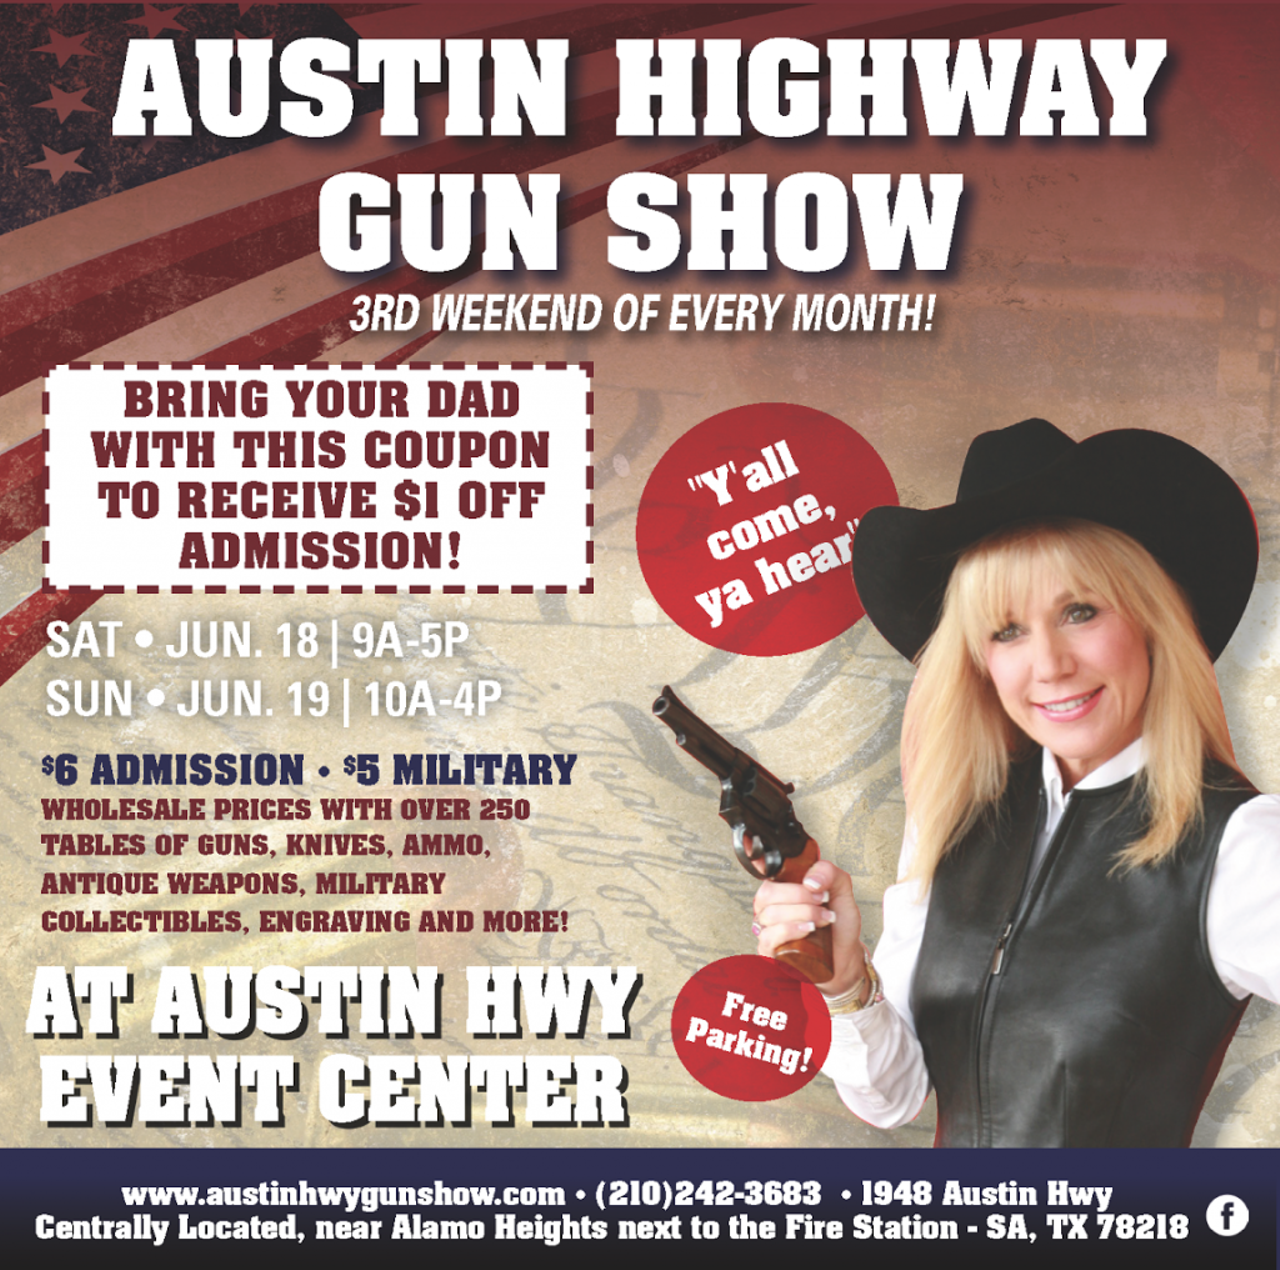 Austin Hwy Gun Show &#149;?? 1948 Austin Hwy
The third weekend of every month the Austin Highway Gun Show which takes place at the Austin Highway Event Center.  Bring your dad this weekend and receive $1 off admission.  They have wholesale prices with over 250 tables with guns, knives, ammo, antique weapons, military collectibles, engraving and more.
austinhwygunshow.com

==*==

■ TASK REQUIREMENTS ■
In the copy, include no pictures, but repeat the listing exactly.

■ WRITTEN SOLUTION ■
 Austin Hwy Gun Show &#149;?? 1948 Austin Hwy
The third weekend of every month the Austin Highway Gun Show which takes place at the Austin Highway Event Center.  Bring your dad this weekend and receive $1 off admission.  They have wholesale prices with over 250 tables with guns, knives, ammo, antique weapons, military collectibles, engraving and more.
austinhwygunshow.com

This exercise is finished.